Data block —
▽

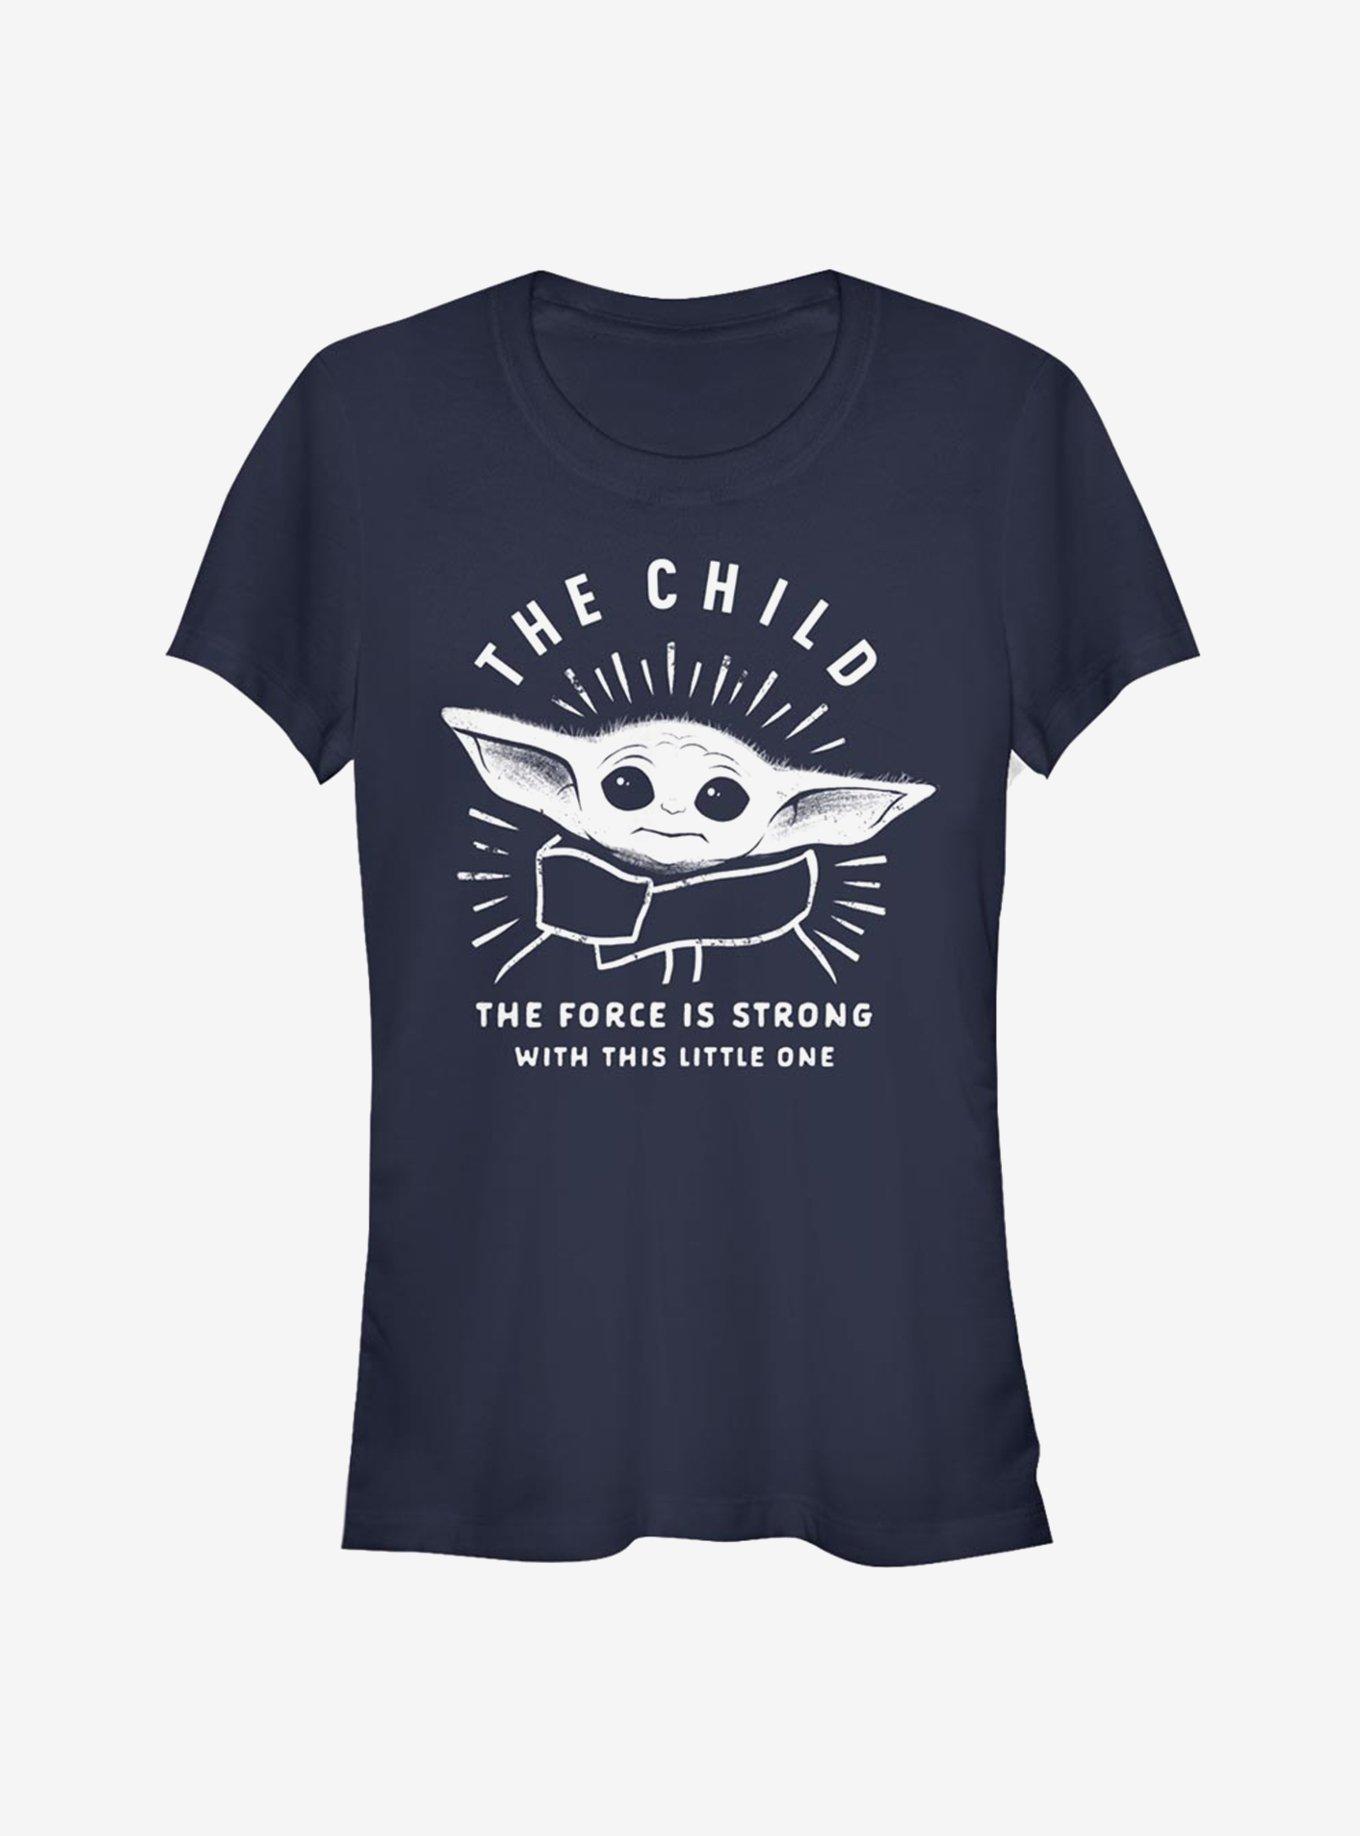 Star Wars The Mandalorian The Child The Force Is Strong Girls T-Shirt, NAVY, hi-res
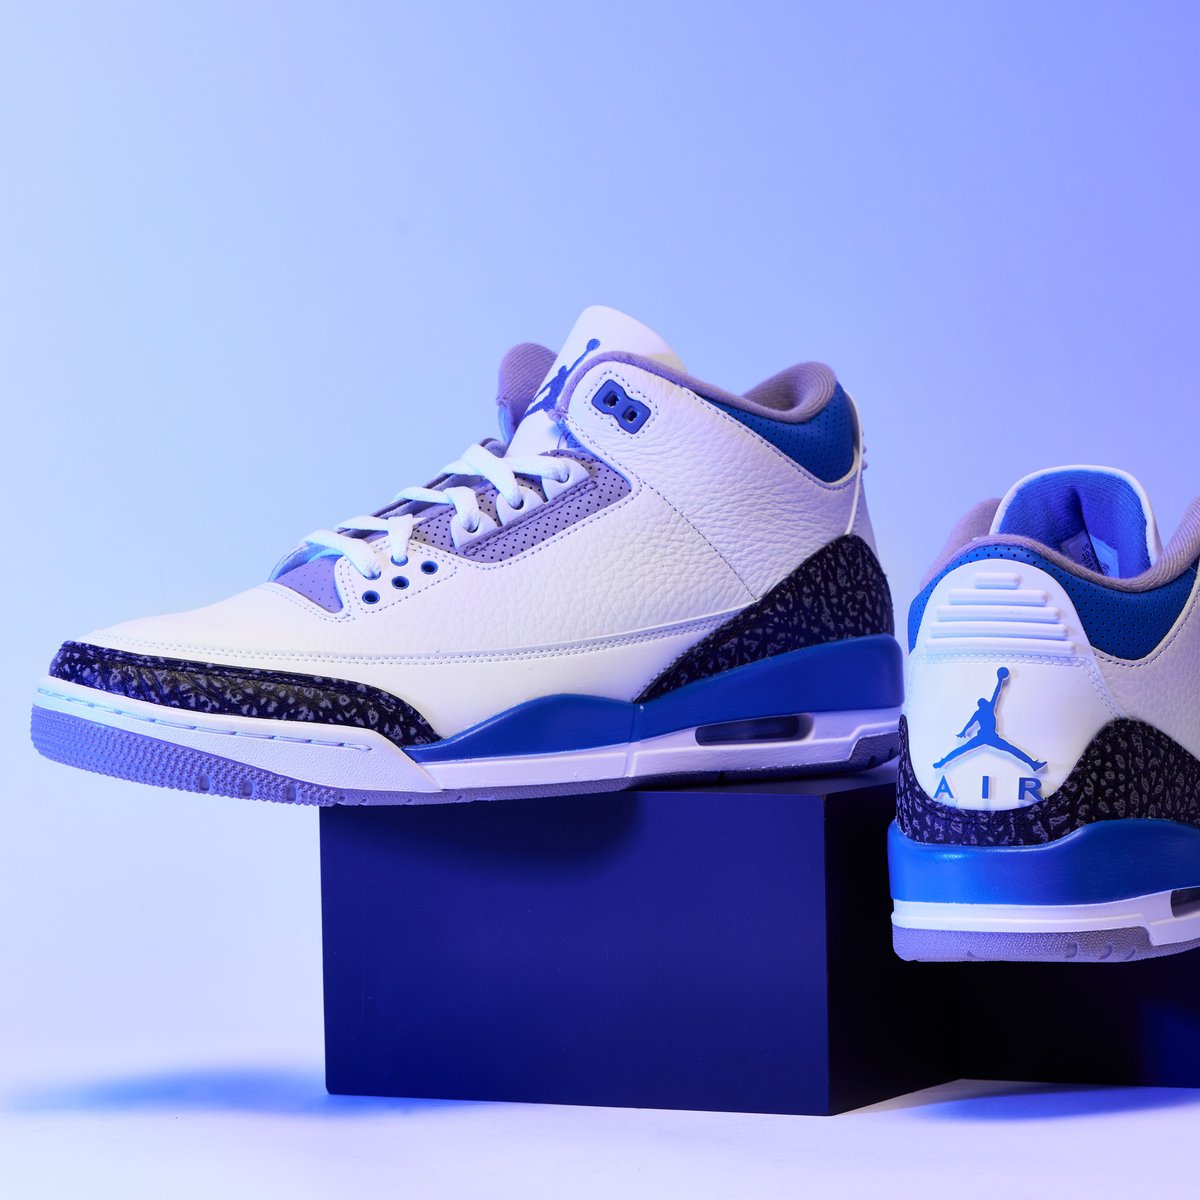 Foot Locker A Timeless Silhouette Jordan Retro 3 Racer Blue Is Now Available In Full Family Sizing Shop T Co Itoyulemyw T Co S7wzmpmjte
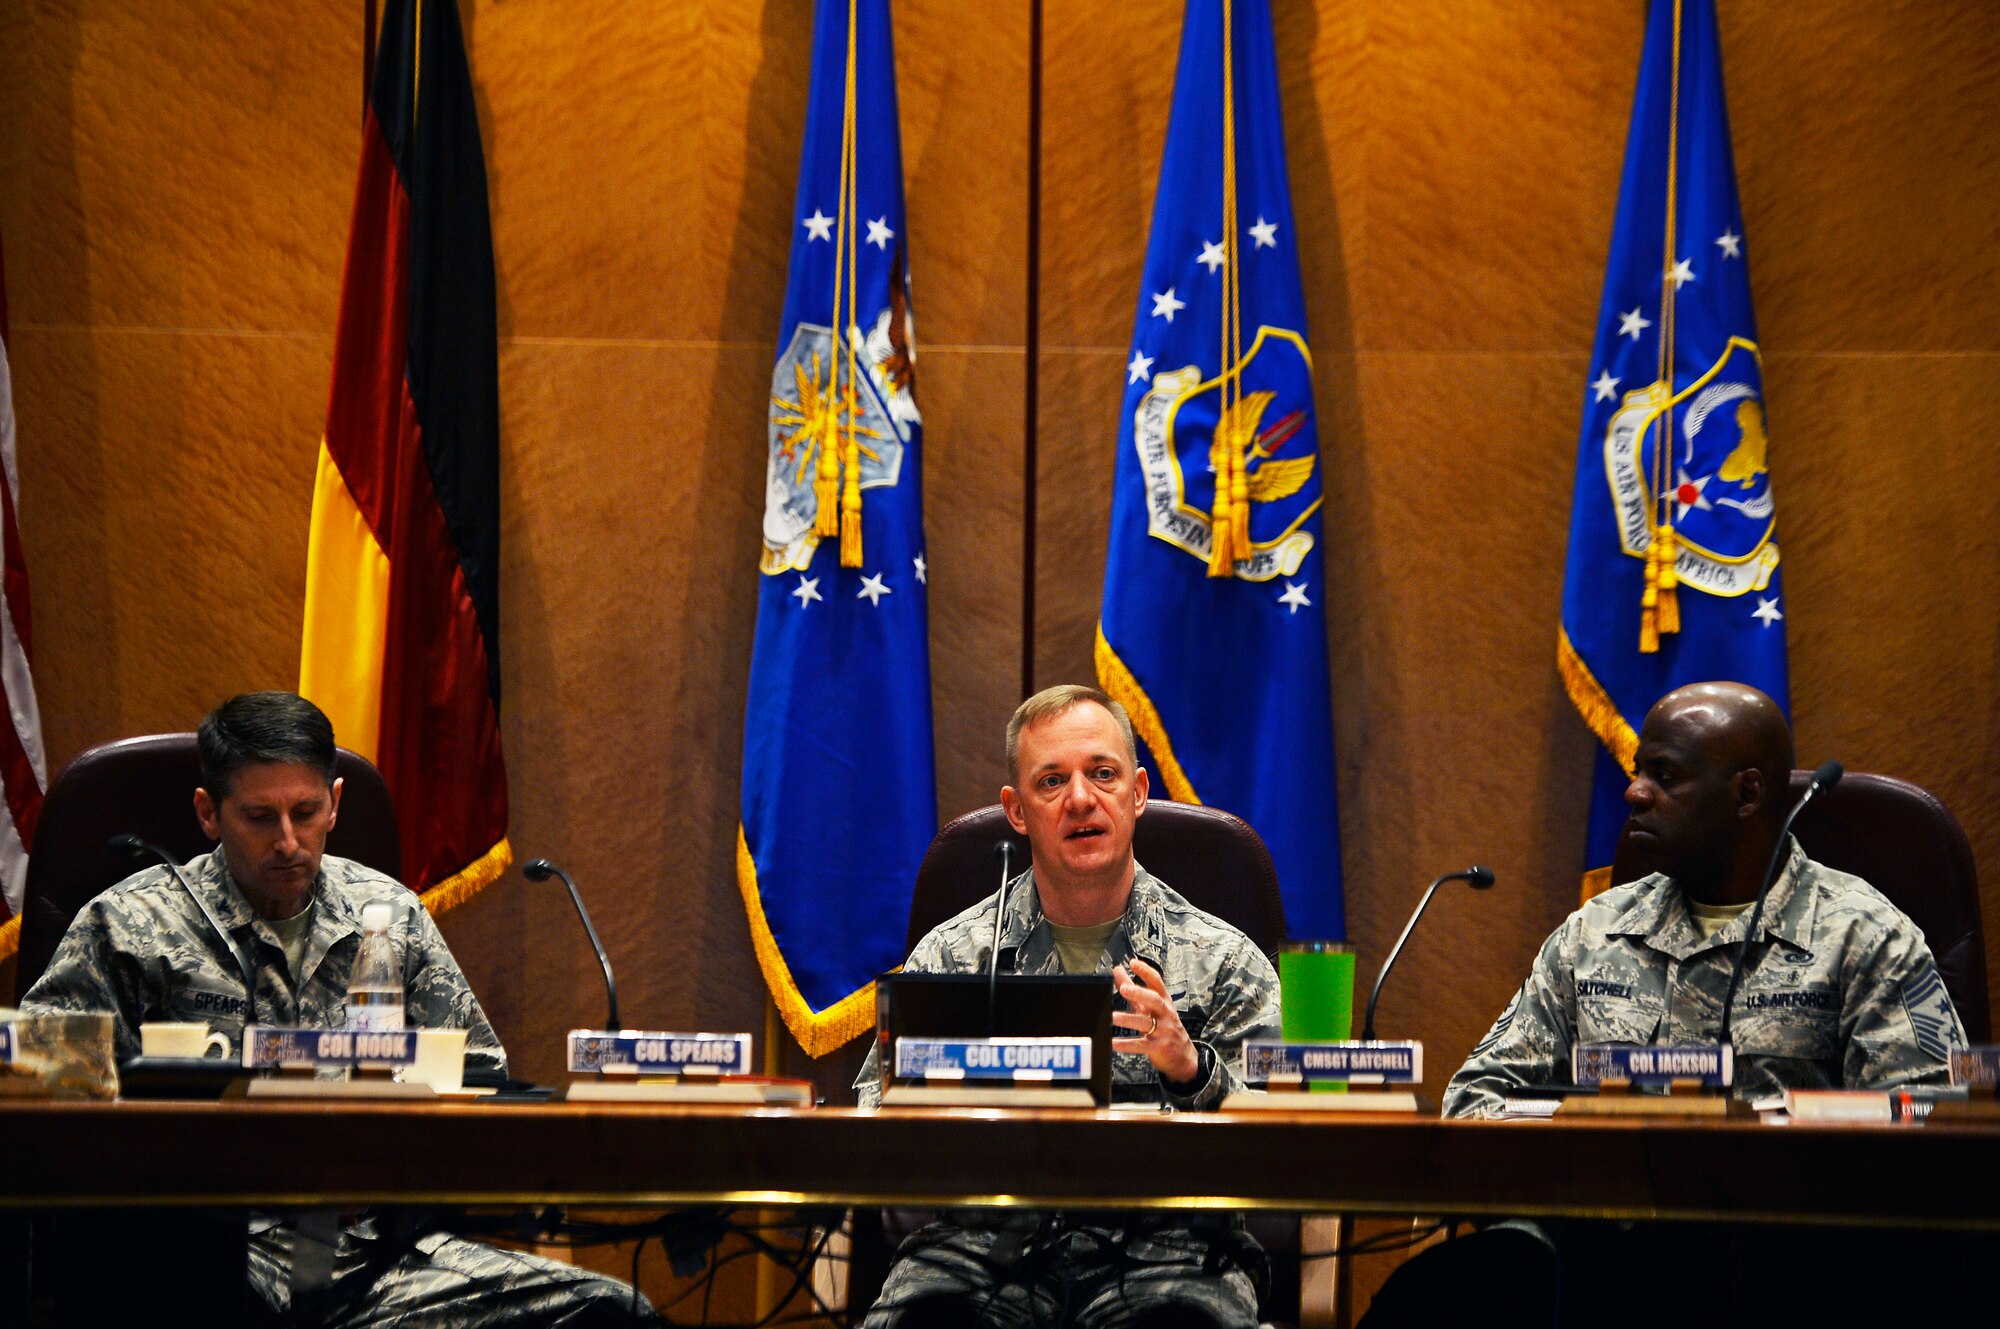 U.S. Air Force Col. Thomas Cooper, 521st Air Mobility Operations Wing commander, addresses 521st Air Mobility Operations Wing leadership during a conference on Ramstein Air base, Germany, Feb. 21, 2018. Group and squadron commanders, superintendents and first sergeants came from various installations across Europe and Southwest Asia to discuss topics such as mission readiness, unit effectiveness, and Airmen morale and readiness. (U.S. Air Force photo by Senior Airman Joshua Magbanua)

△

Could you write out the whole listing exactly, dropping the pictures?

Answer space —
 Star Wars The Mandalorian The Child The Force Is Strong Girls T-Shirt, NAVY, hi-res
 Foot Locker A Timeless Silhouette Jordan Retro 3 Racer Blue Is Now Available In Full Family Sizing Shop T Co Itoyulemyw T Co S7wzmpmjte
 U.S. Air Force Col. Thomas Cooper, 521st Air Mobility Operations Wing commander, addresses 521st Air Mobility Operations Wing leadership during a conference on Ramstein Air base, Germany, Feb. 21, 2018. Group and squadron commanders, superintendents and first sergeants came from various installations across Europe and Southwest Asia to discuss topics such as mission readiness, unit effectiveness, and Airmen morale and readiness. (U.S. Air Force photo by Senior Airman Joshua Magbanua)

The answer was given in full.